The story that drove the worldwide stock-market bubble that peaked in 2000 was complex, but, put crudely, it was that bright, aggressive people were leading the way to a new era of capitalist glory in a rapidly globalizing economy. Such people became new entrepreneurs and world travelers on the way to prosperity. This narrative seemed plausible to casual observers, because it was tied to millions of little human-interest stories about the obvious successes of those — friends, neighbors and family members — who had the vision to participate enthusiastically in the new environment.
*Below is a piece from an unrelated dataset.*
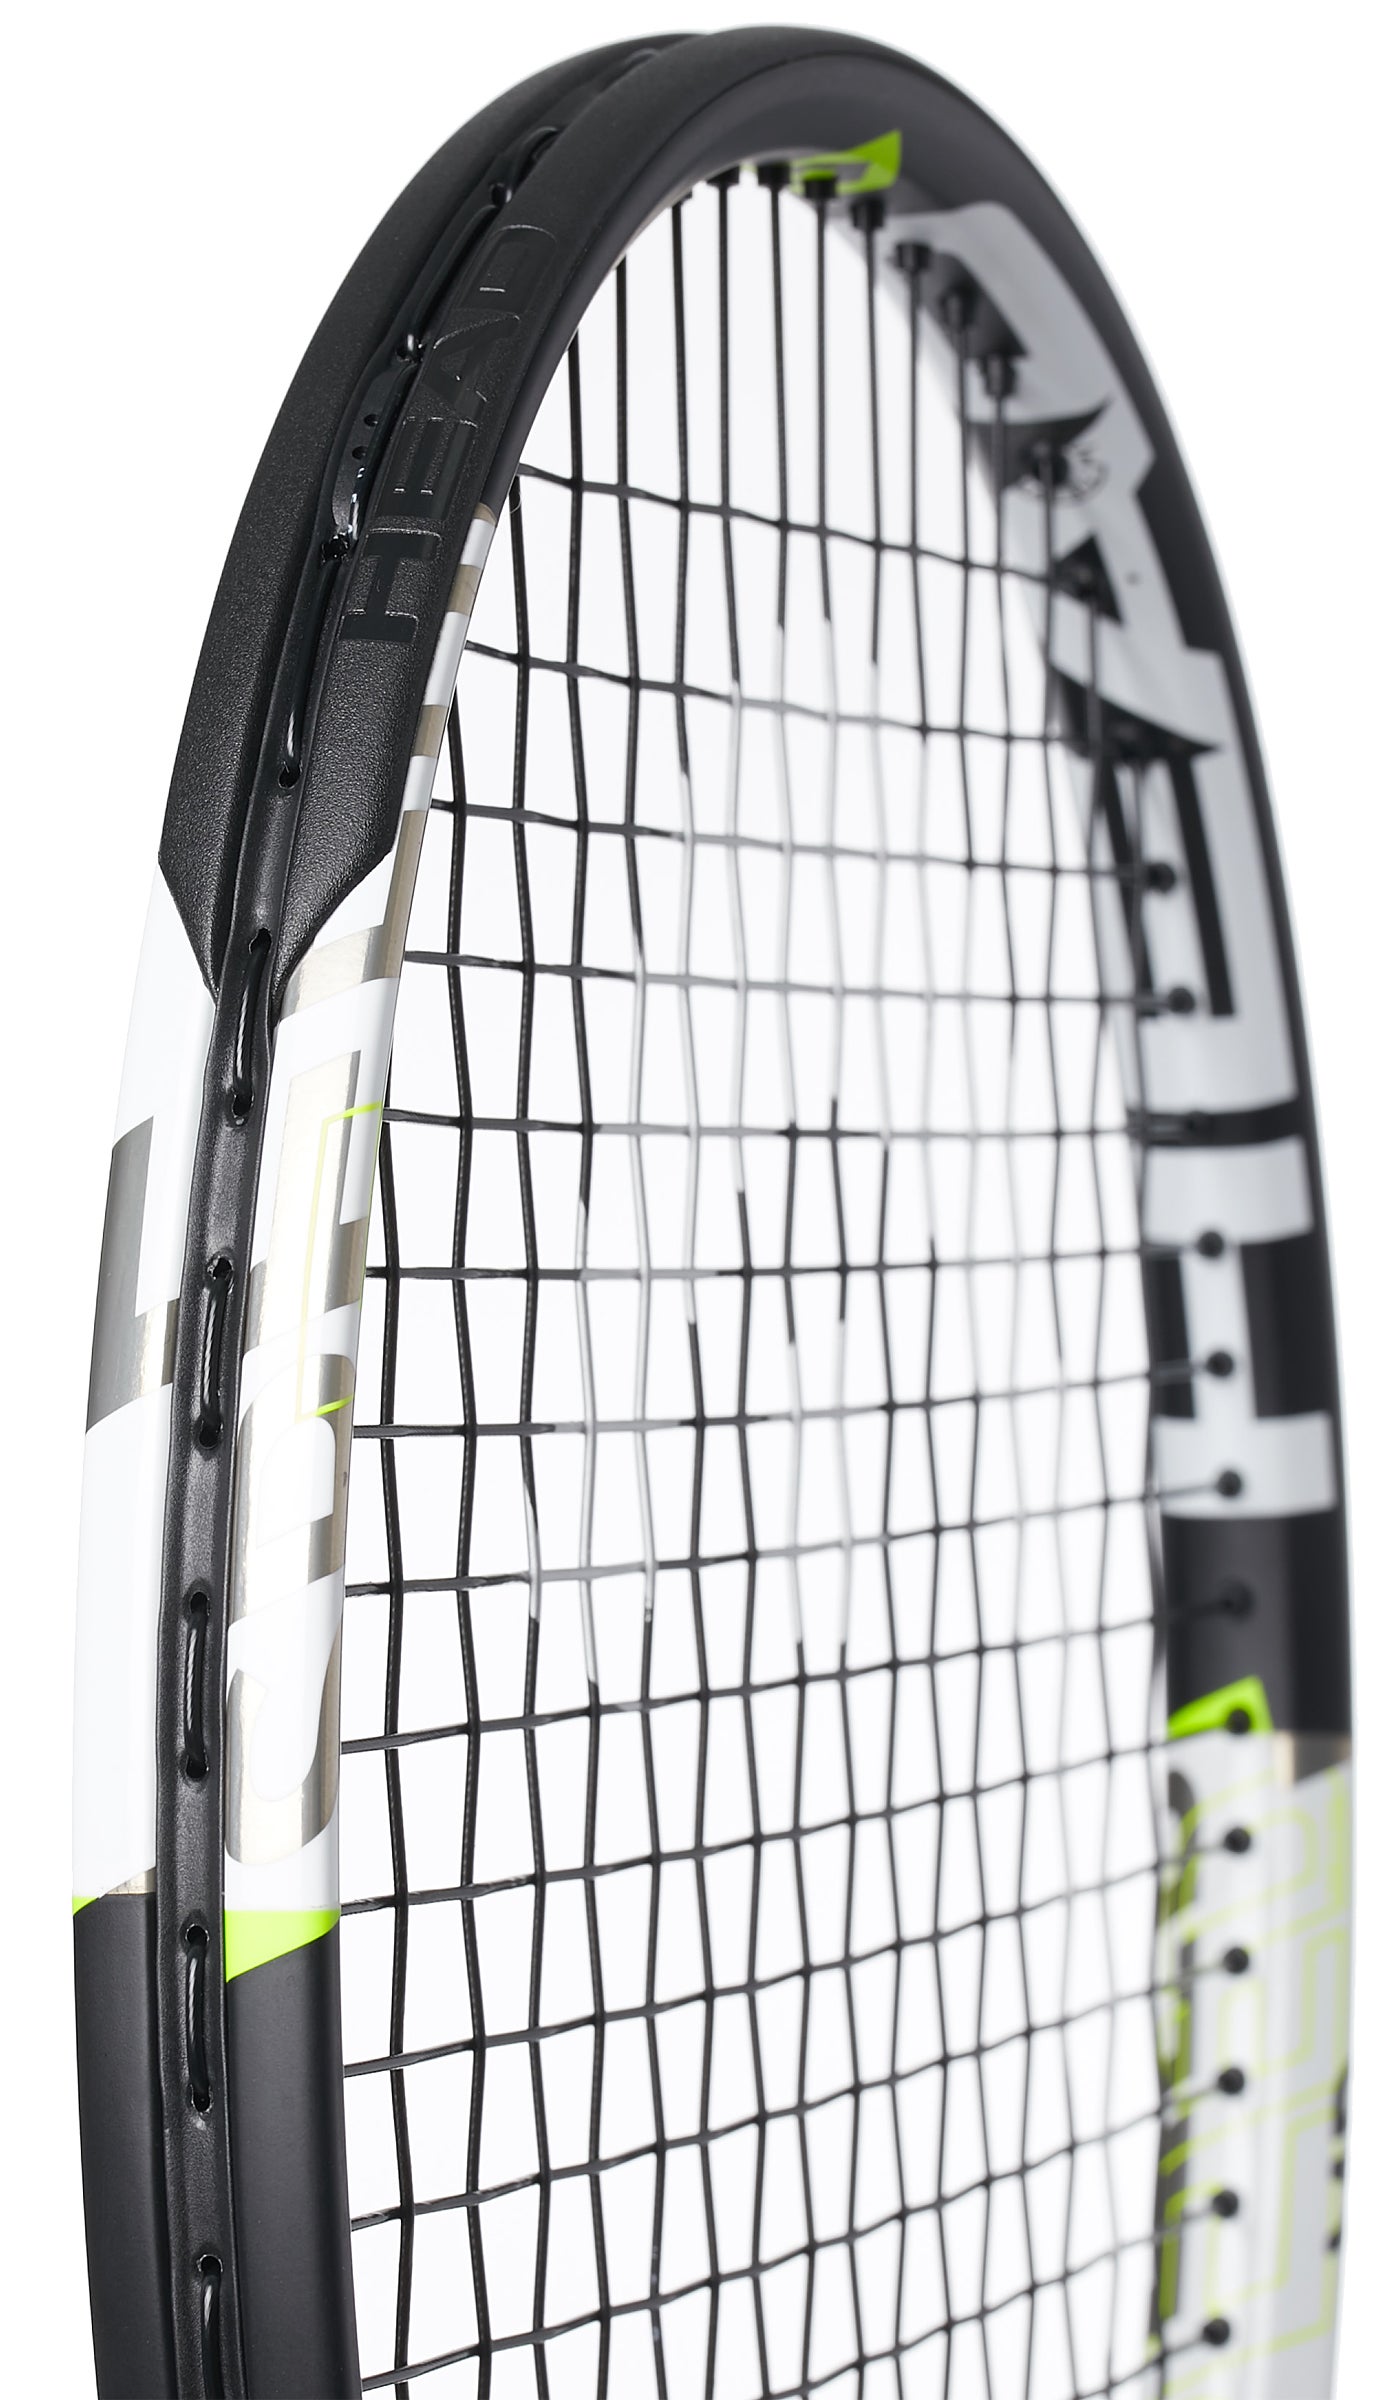 HEAD Graphene XT Speed MP Tennis Racquet Classic Model

But it is hard today to recreate such a narrative, given so many stories of trouble. The stock markets’ rebound since March seems not to be built around any inspirational story, but rather the mere absence of more really bad news and the knowledge that all previous recessions have come to an end. At a time when the newspapers are filled with pictures of foreclosure sales — and even of surplus homes being demolished — it is hard to see any cause for the markets’ rebound other than this “all recessions come to an end sooner or later” story.
Indeed, the “capitalists triumphant” story is tarnished, as is our faith in international trade. So, here is the problem: There isn’t a plausible driver of a dramatic recovery.
Starting an economic recovery is like launching a new movie: Nobody knows how people will react to it until people actually get to see it and talk about it among themselves. The new movie Star Trek, based on yet another remake of a television show from more than 40 years ago, surprised everyone by raking in US$76.5 million on its first weekend.
That old story just got some excitement back with this new movie. Similarly, we have to hope that some of the same old stories that propelled us in the past — the rise of capitalism and its internationalization throughout the world economy — can somehow be dusted off and revived yet again to invigorate the animal spirits that drive economic recovery. Our efforts to stimulate the economy should be focused on improving the script for those stories, making these stories believable again.
This means making capitalism work better and making it clear that there is no threat of protectionism. But the rationale must be to get the world economy out of its current risky situation, not to propel us into yet another speculative bubble.
Robert Shiller is a professor of economics at Yale University and chief economist at MacroMarkets LLC.